YOUR ASSIGNMENT
All of the data below should be repeated exactly. Pictures should not be included.

INFORMATION SHOWN
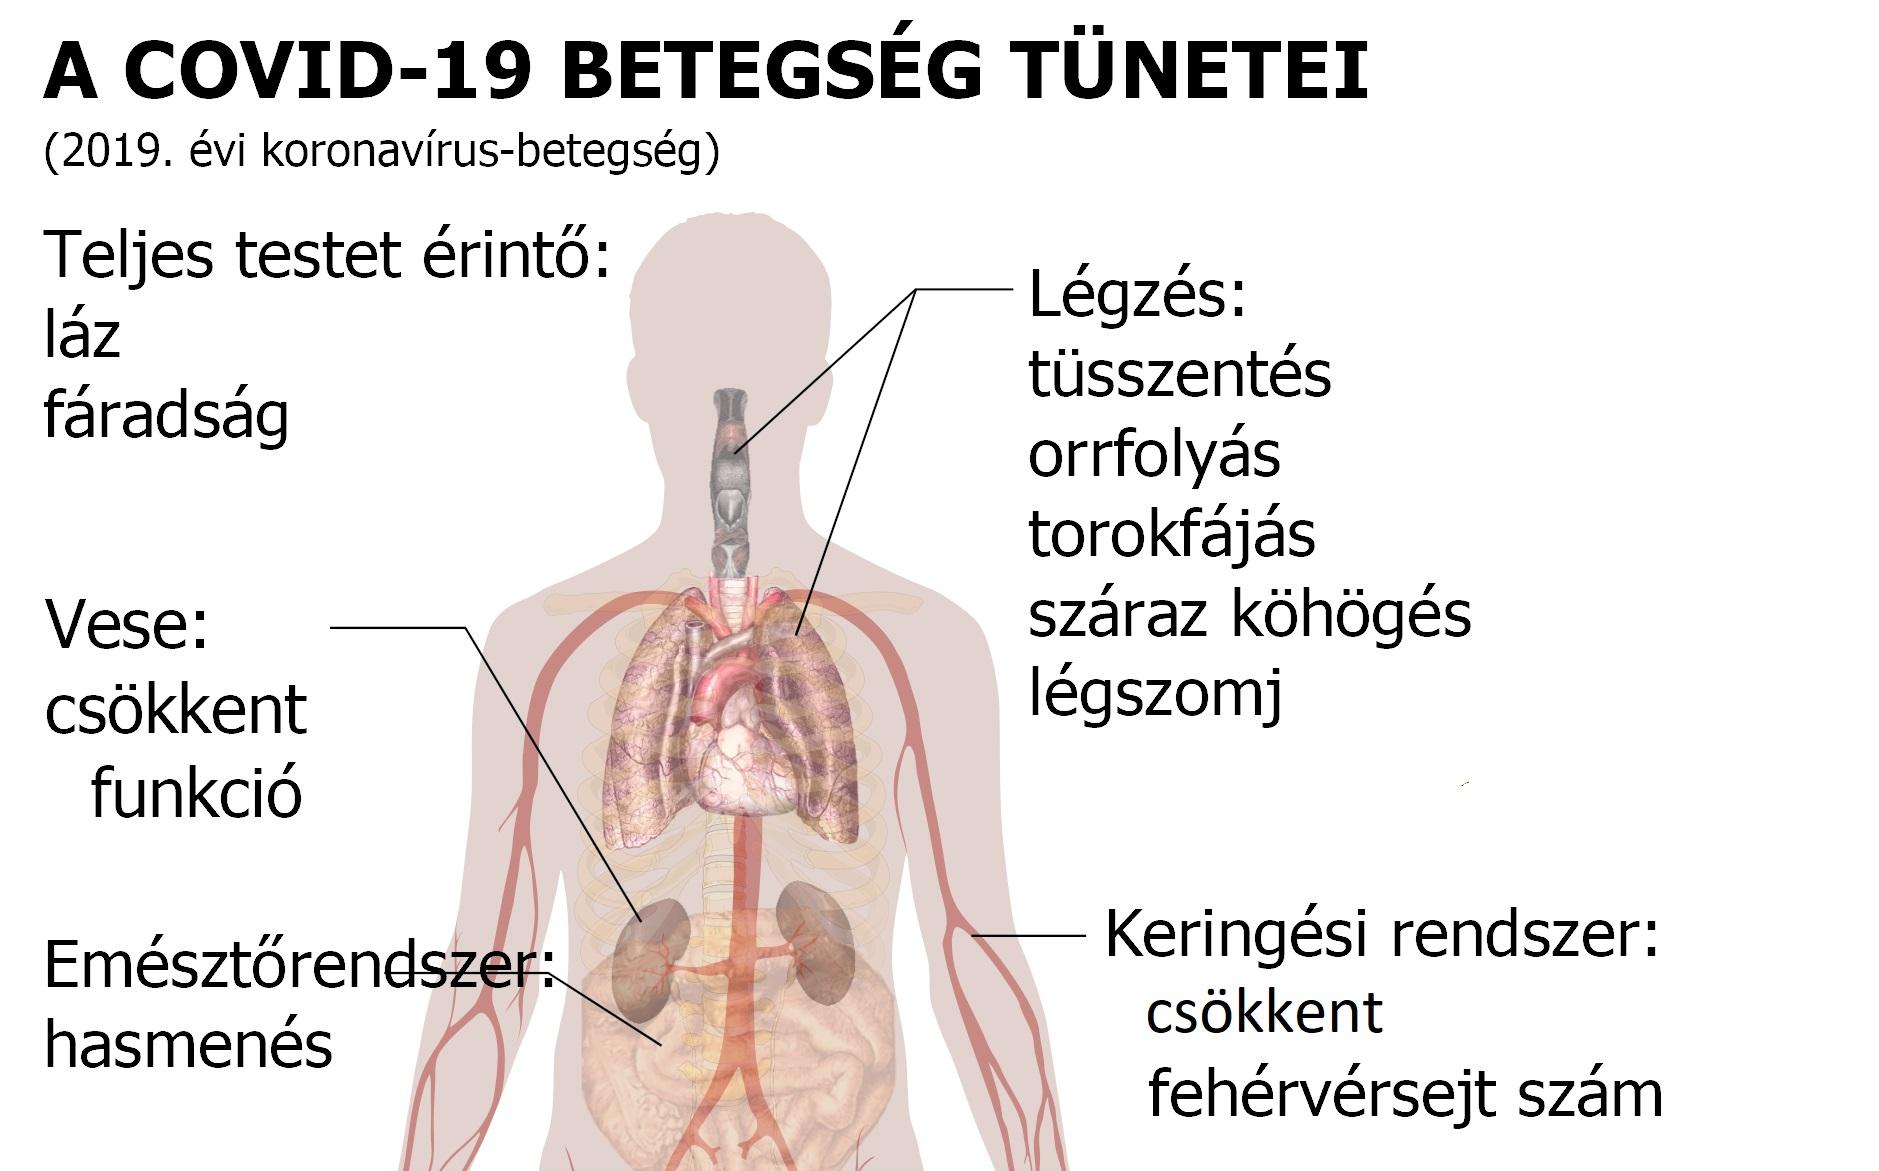 magas vérnyomás okozta láz)
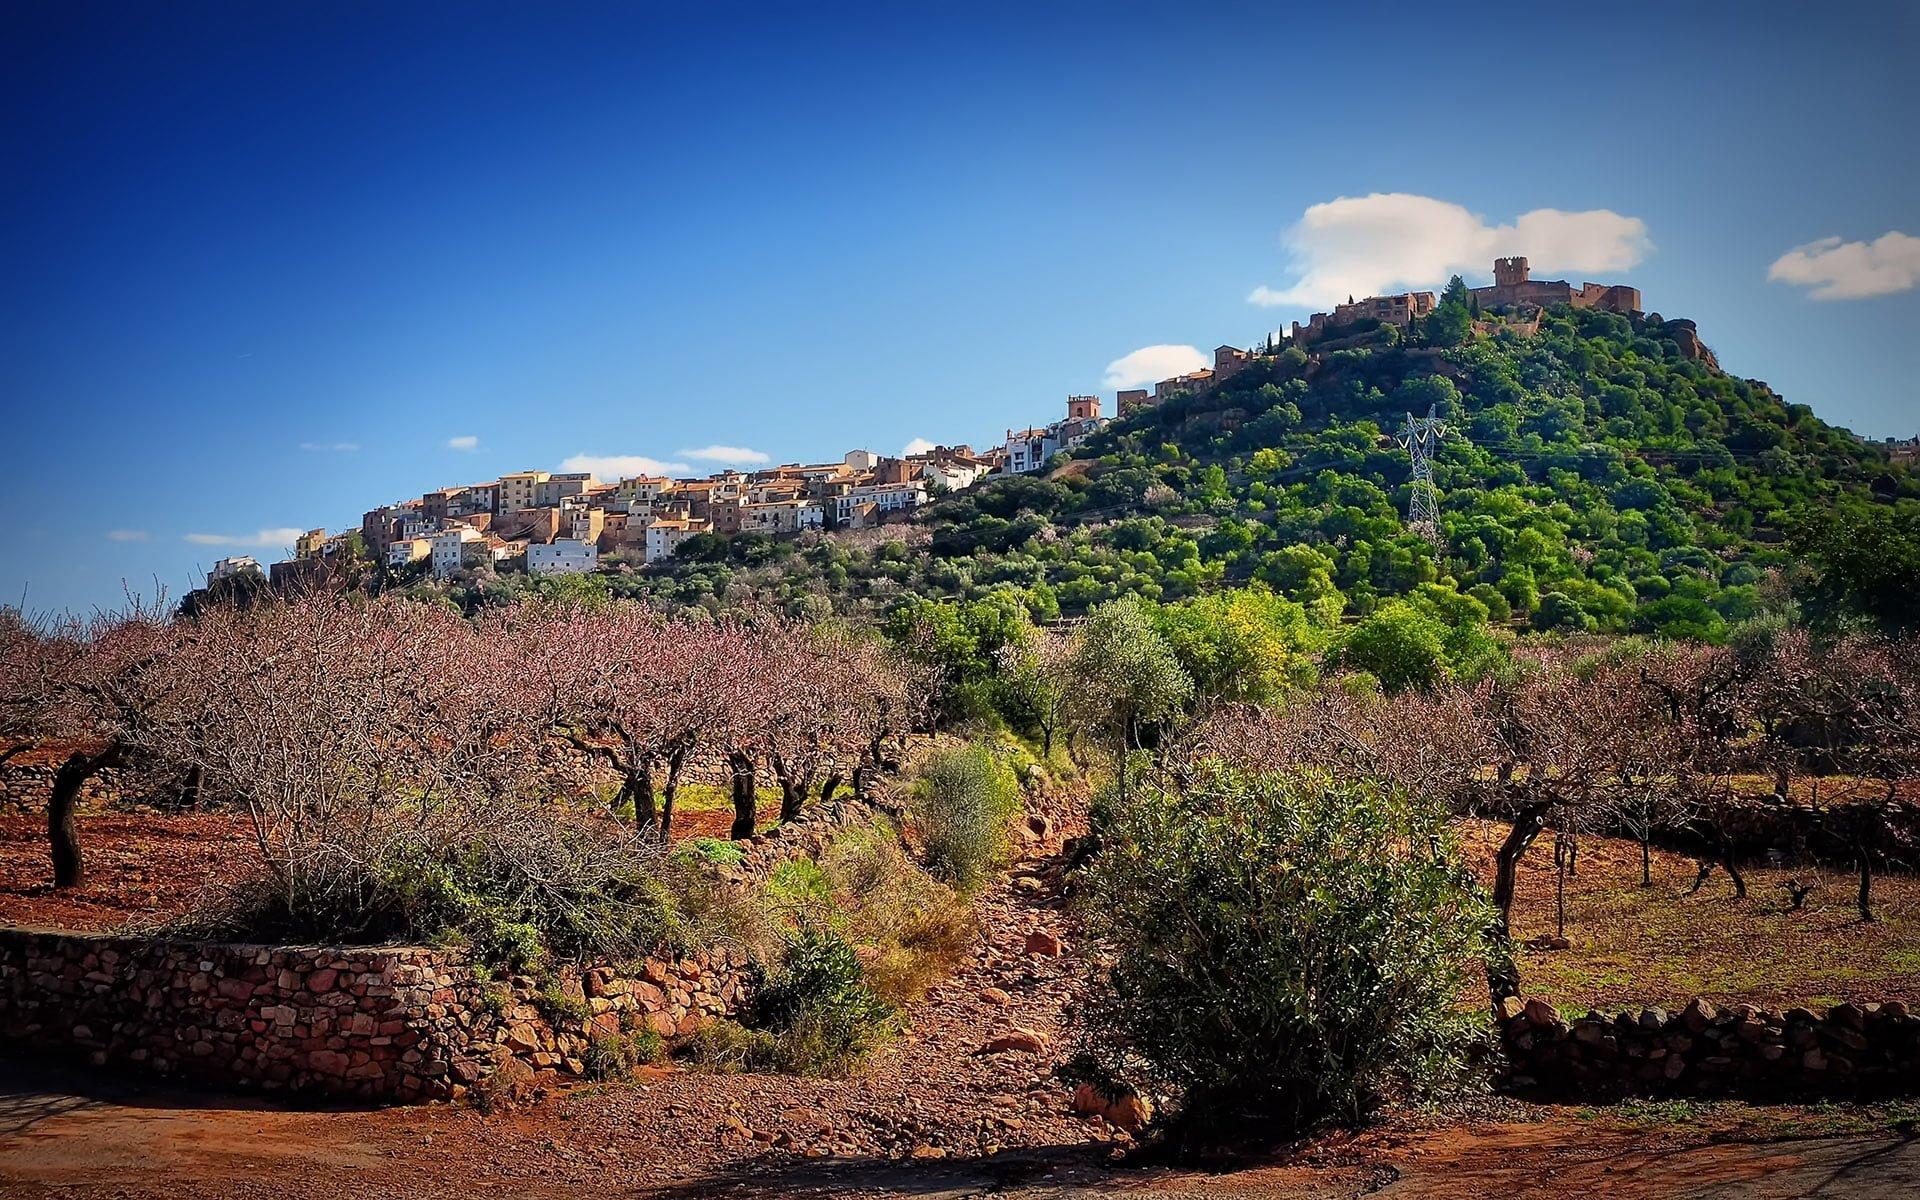 villafames ağaçlar ve kale
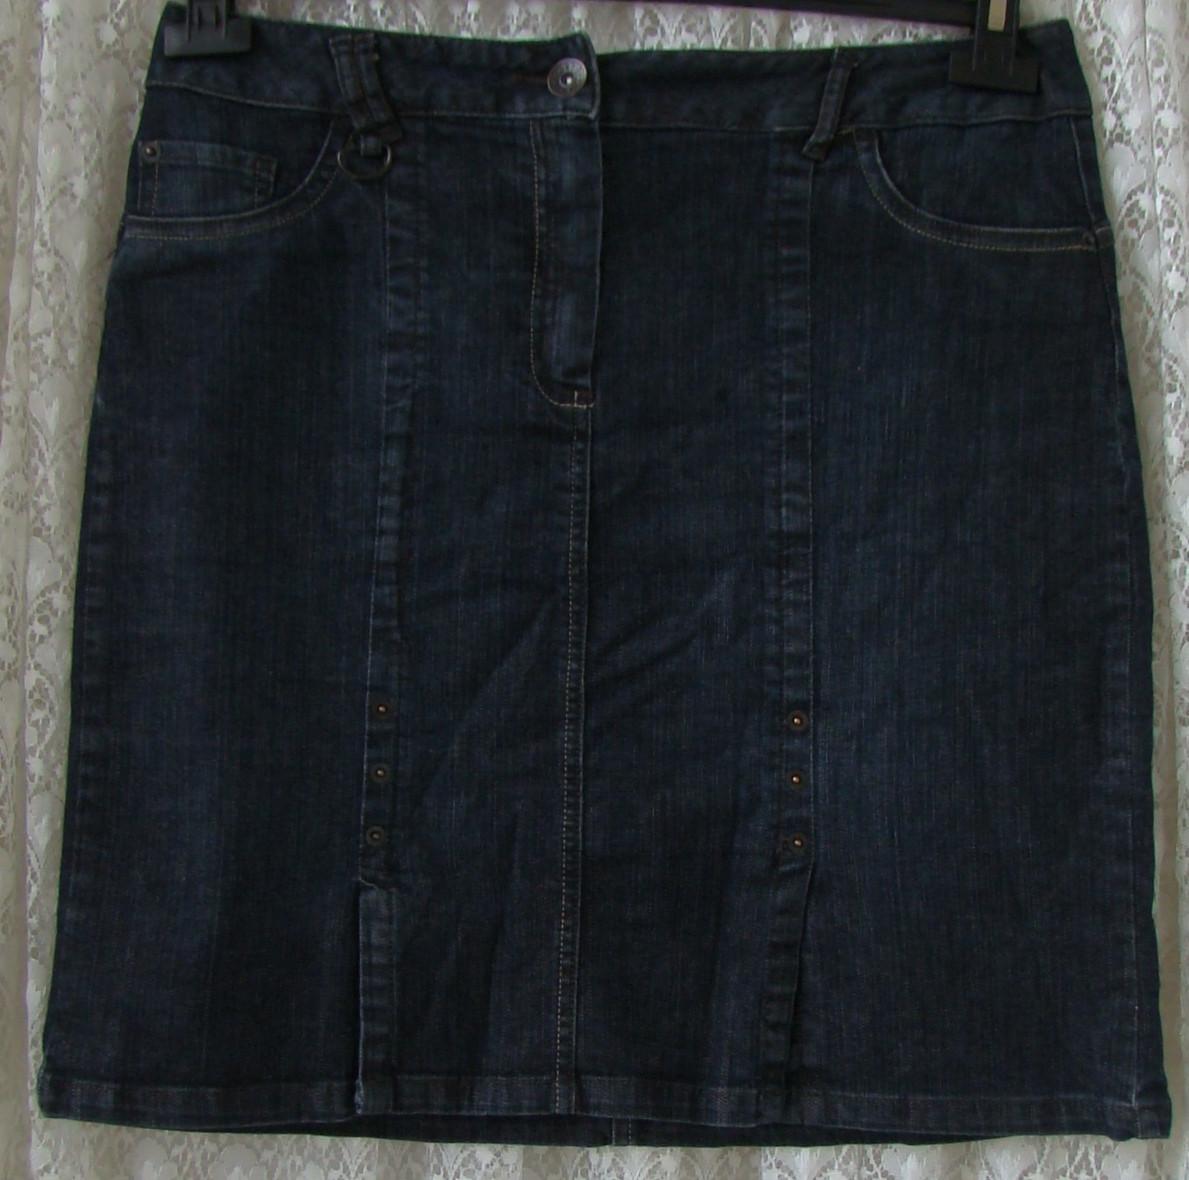 Юбка женская джинсовая модная демисезонная миди First Choice р.48 6334а, фото 1
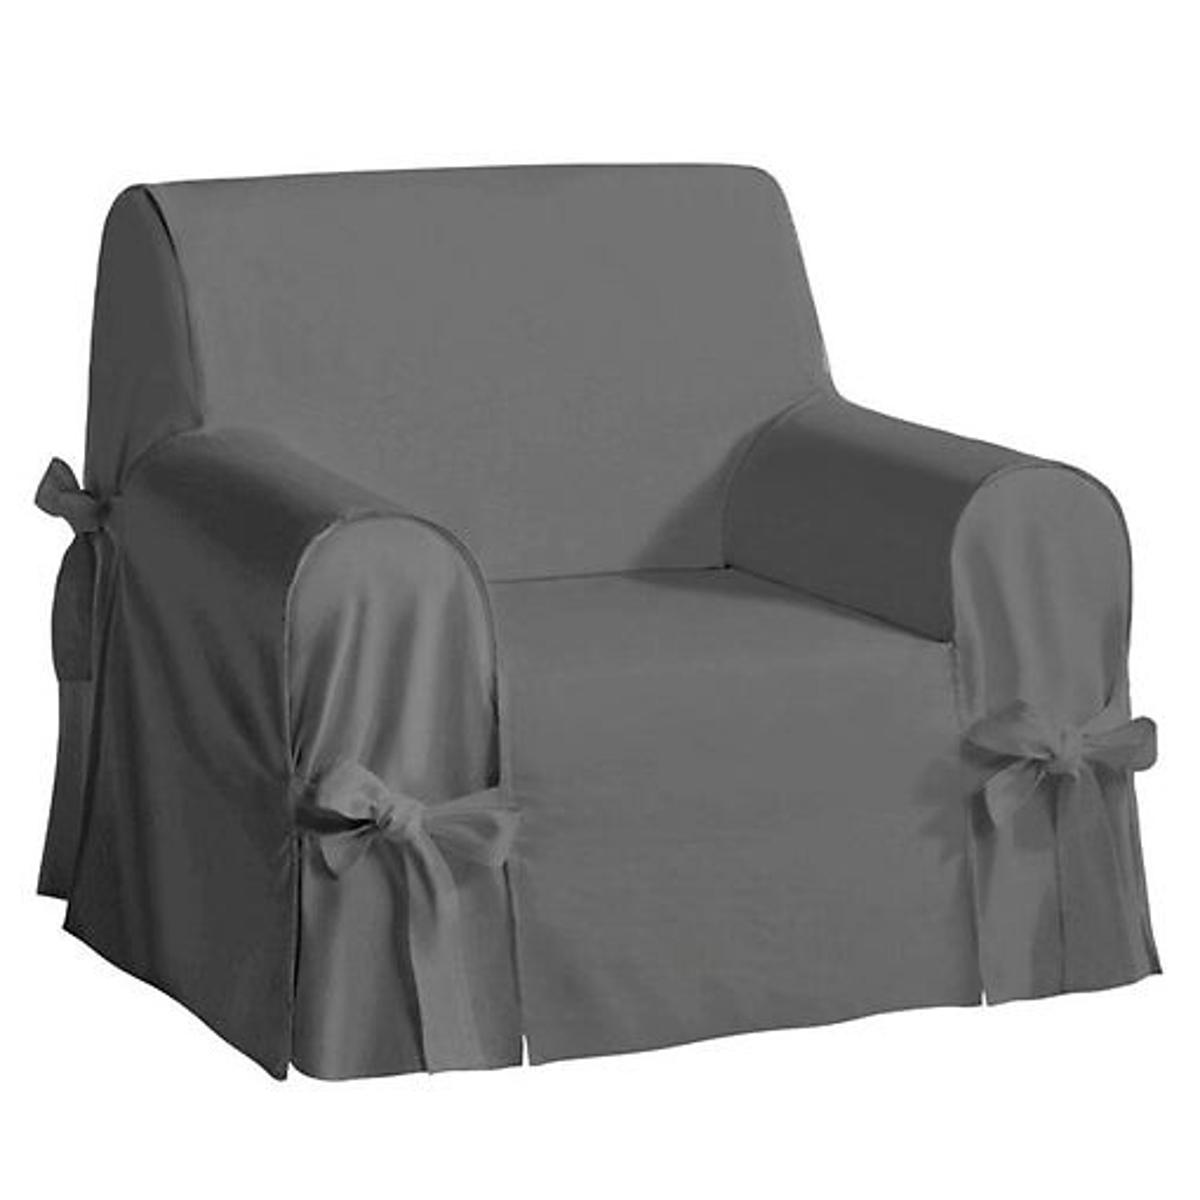 Чехол LaRedoute Для кресла из льна и хлопка JIMI единый размер серый

ANSWER AREA
 magas vérnyomás okozta láz)
 villafames ağaçlar ve kale
 Юбка женская джинсовая модная демисезонная миди First Choice р.48 6334а, фото 1
 Чехол LaRedoute Для кресла из льна и хлопка JIMI единый размер серый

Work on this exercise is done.